CHRISTIE FOR PRESIDENT? WHAT A THOUGHT….SEE NOTE

http://online.wsj.com/article/SB10001424052748704717004575268532932681458.html?mod=WSJ_Opinion_LEFTSecond

LOVE THE GUY…BUT PRESIDENTIAL OR A MALE PALIN?
By JOHN FUND
New Jersey Governor Chris Christie’s rapid rise up the ranks of conservative heroes is being aided by a YouTube video of him dressing down a reporter who quizzed him about his “confrontational tone” in dealing with state legislators. Mr. Christie tells the reporter: “You should really see me when I’m pissed. . . . When you ask me questions, I’m going to answer them directly, straightly, bluntly and nobody in New Jersey is going to have to wonder where I am on an issue.”

Governor Christie is clearly prospering politically despite $5 million in attack ads being hurled against him by public employee unions furious about his budget cuts and demands for pay freezes. Last month voters in 59% of the state’s school districts followed his recommendation and voted down proposed school budgets that didn’t include “shared sacrifice” by restraining teacher pay and benefits.

Yesterday, the Governor crossed the Hudson River to address the conservative Manhattan Institute about his plan to place on the November ballot a constitutional amendment to cap property tax hikes at no more than 2.5% per year. The Christie plan would also limit state spending growth by a like amount, except for pensions and debt service. Over the last decade, he noted in his speech, municipal spending in New Jersey grew by 69%, and property taxes climbed by 70%. “At some point people’s ability to pay runs out. And ladies and gentleman, we are at that point,” he told his audience. “Things that used to be considered sacred cows, the third rails of politics, no longer are. They’ve been replaced by the issue of affordability.”

Mr. Christie was especially blunt on the malign influence of the New Jersey Education Association — “an absolutely out-of-control union that is used to getting everything it wants.” Without a change of direction, he added, New Jersey is “careening our way toward becoming Greece.”

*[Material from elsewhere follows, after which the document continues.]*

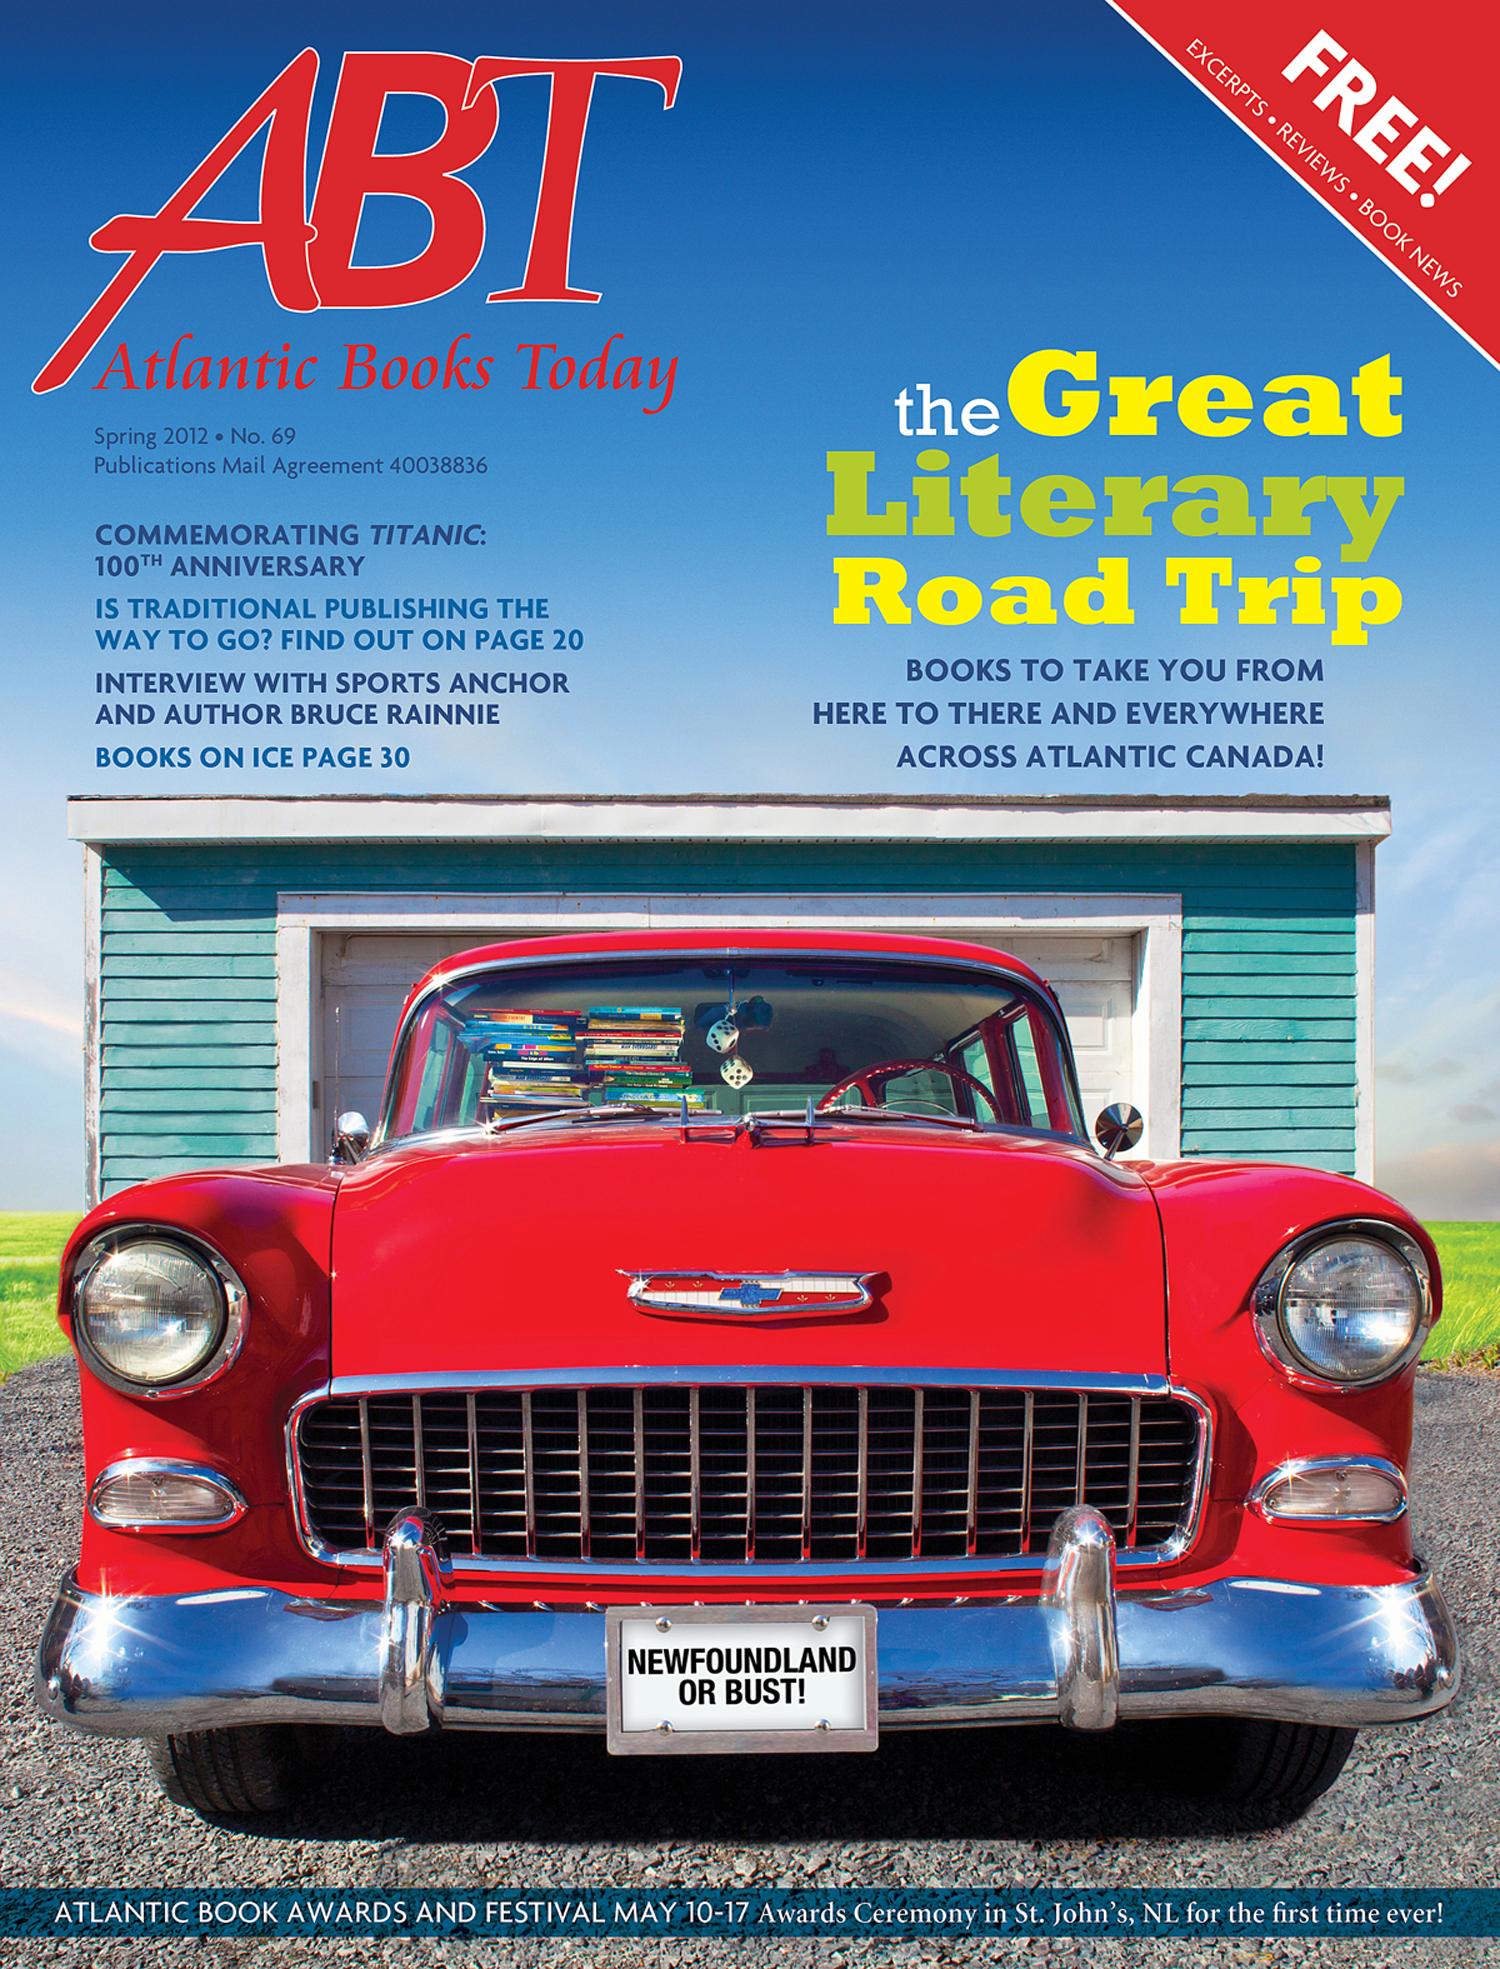 ABT-Spring 2012-69_cover.jpg

Many who attended the breakfast came away admiring the feisty governor’s knack for rallying public support against Trenton’s entrenched spending interests. Imitation being the sincerest form of flattery, even New York’s Democratic gubernatorial frontrunner, Andrew Cuomo, in announcing his campaign this week, struck a tone that was distinctly Christie-like. If Mr. Christie can succeed in pushing his program through New Jersey’s Democratic legislature, he might well vault onto the GOP presidential shortlist in 2012. Certainly the conservatives who attended yesterday’s speech were impressed by a rare chief executive willing to tackle his state’s intractable problems in an unapologetic manner.